April 15, 2016


Ms. Rebecca Gaspard 
MN Board of Cosmetologist Examiners
2829 University Avenue SE, #710
Minneapolis, MN 55414

Re: SSPA submitted comments on proposed Minnesota Rule Chapters 2105 and 2110

Dear Ms. Gaspard,

The following items constitute those matters identified by the Salon and Spa Professional Association (SSPA) as being problematic or in need of further clarification specific to the proposed amended rules officially posted by the Minnesota Board of Cosmetologist Examiners (BCE) in the March 28, 2016 issue of the State Register.

Items listed are in order of appearance in the proposed rules document:

2105.0186—Continuing Education Providers, subpart 1 (C):
This section should incorporate the statutory requirement that any professional association offering continuing education must also be organized as a non-profit organization under MS 317A. This clarification should also be included in subpart 2 and subpart 3.

2105.0187—Skills Courses:
The proposed rule should identify or clarify conditions when a skills course is warranted. Perhaps incorporating language that states “A skills course is required in conjunction with testing on theory and practice for individuals who are subject to sections 2105.0145, 2105.0183, and 2110.0705.”

2105.0375—Infection Control Requirements, subpart 11:
Extending disinfection methods to the attached cord of electrical tools is excessive, and requiring some of these methods overall with tools without removable parts after each use will subject practitioners to undue and potentially unsafe levels of repeated chemical exposures every hour.
The proposed infection control requirements in subpart 6 (E) and subpart 15 of this section adequately addresses concerns regarding the disinfection of these electrical tools. However, the additional requirements included in subpart 11 will be burdensome, confusing, if not somewhat conflicting with the “daily” disinfecting requirements for these tools and where they are stored elsewhere in this same section.

2105.0390—Salon Supervision (D):
Mandating time clocks and retaining these records by a salon for “non-employed” practitioners for the convenience of leased operators who only rent space is burdensome to these particular types of salons and suggests that an employer/employee relationship exists. This language should be permissive if the salon chooses to offer this for their contractors seeking hour documentation, and not mandatory. Furthermore, as proposed this would seem to also apply to single operator salons located in private residences.

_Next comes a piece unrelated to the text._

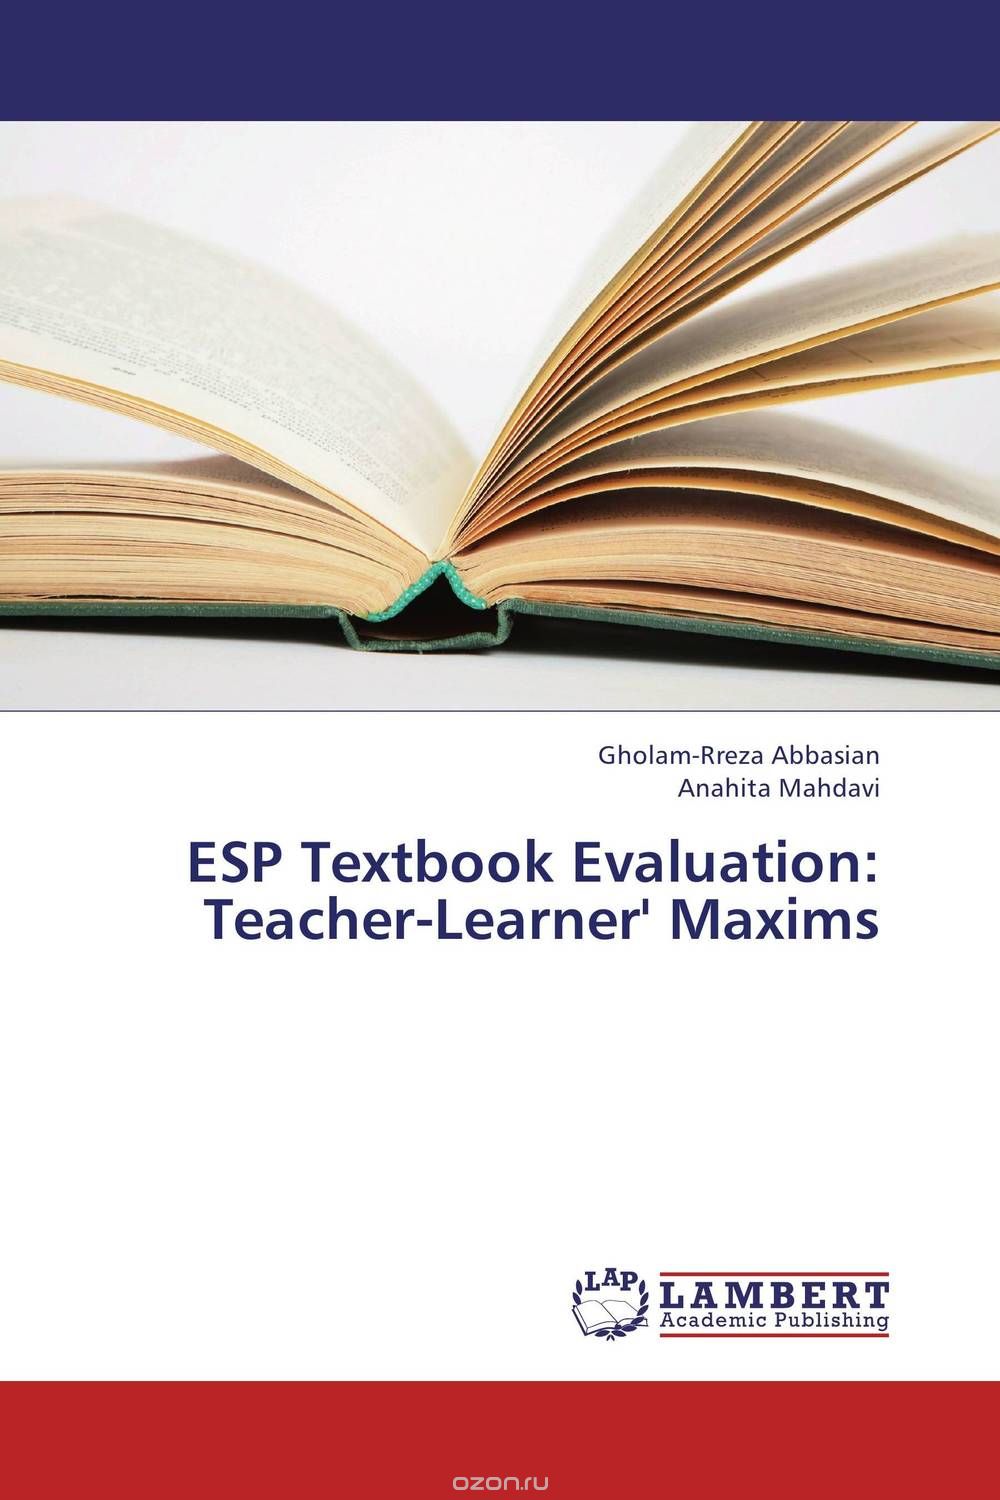 Скачать книгу "ESP Textbook Evaluation: Teacher-Learner' Maxims"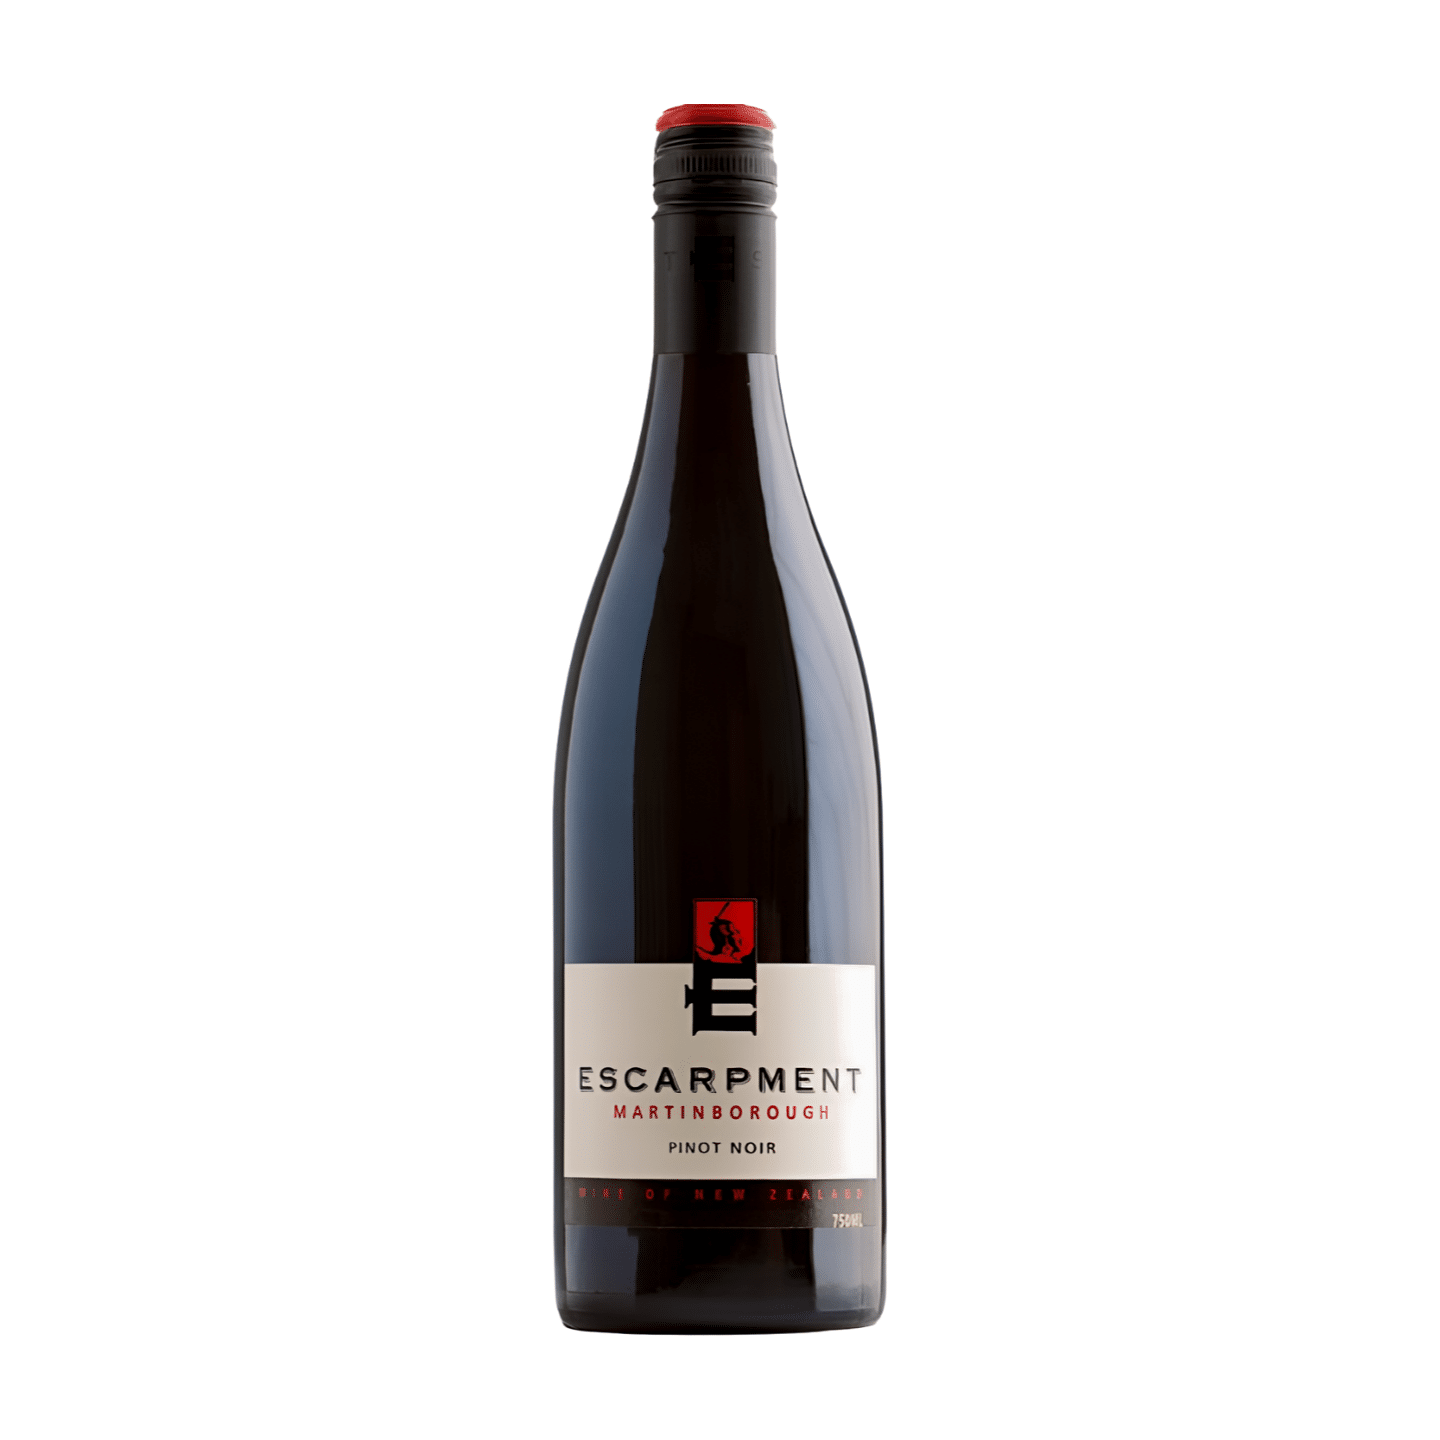 Escarpment Pinot Noir 2015

Repealer—2105.0400 Independent Contractor, subpart 6:
SSPA reiterates its concern in removing this section in its entirety. While the SONAR makes some compelling arguments regarding its complete repeal, we fear it will negatively affect the general public specific to newly licensed individuals who have recently graduated from a cosmetology school. Experience beyond the classroom setting is a necessity before one should be eligible in becoming an independent contractor.
As an alternative to dismissing this rule entirely, we would propose that independent contractors should only be allowed upon renewal of the practitioner’s initial license or upon documenting 2700 hours of experience after receiving their initial license. We would be more comfortable with this clarification in conjunction with the proposed removal of the manager license requirement in these circumstances.

2105.0410—Licensed Services Not Offered in a Licensed Salon, subpart 3 (F):
We strongly disagree with the proposed ban on recognizing work experience hours for homebound permit holders for the following reasons.

(1) A homebound permit holder is required to maintain a valid practitioner license, the same as a person working in a full service salon. In fact, some chain salons offer fewer services than those performed under a homebound permit, yet licensees in these limited service establishments (hair cutting only) are awarded full recognition for their work hours. Homebound permit holders should be granted the same courtesy. Their work experience should not be diminished and invalidated simply because they work with a homebound permit.

(2) Denying hours under this permit would limit future employment opportunities and severely limit career advancement, since they wouldn’t meet the work experience requirement needed to obtain other licenses under this chapter.

(3) It is inconsistent to recognize hours under a special event permit which has limited focus and not that of a homebound permit which can offer all services.

SSPA would like (F) eliminated in its entirety. It is discriminatory and unfair.

With the exception of these concerns raised, SSPA is otherwise supportive of the extensive rule changes as proposed. We applaud the BCE for their diligence in addressing the need to update Minnesota Rule chapters 2105 and 2110. We respectfully request an ALJ hearing to review our comments, unless the BCE is amenable to modifying the proposed rules to reflect our concerns.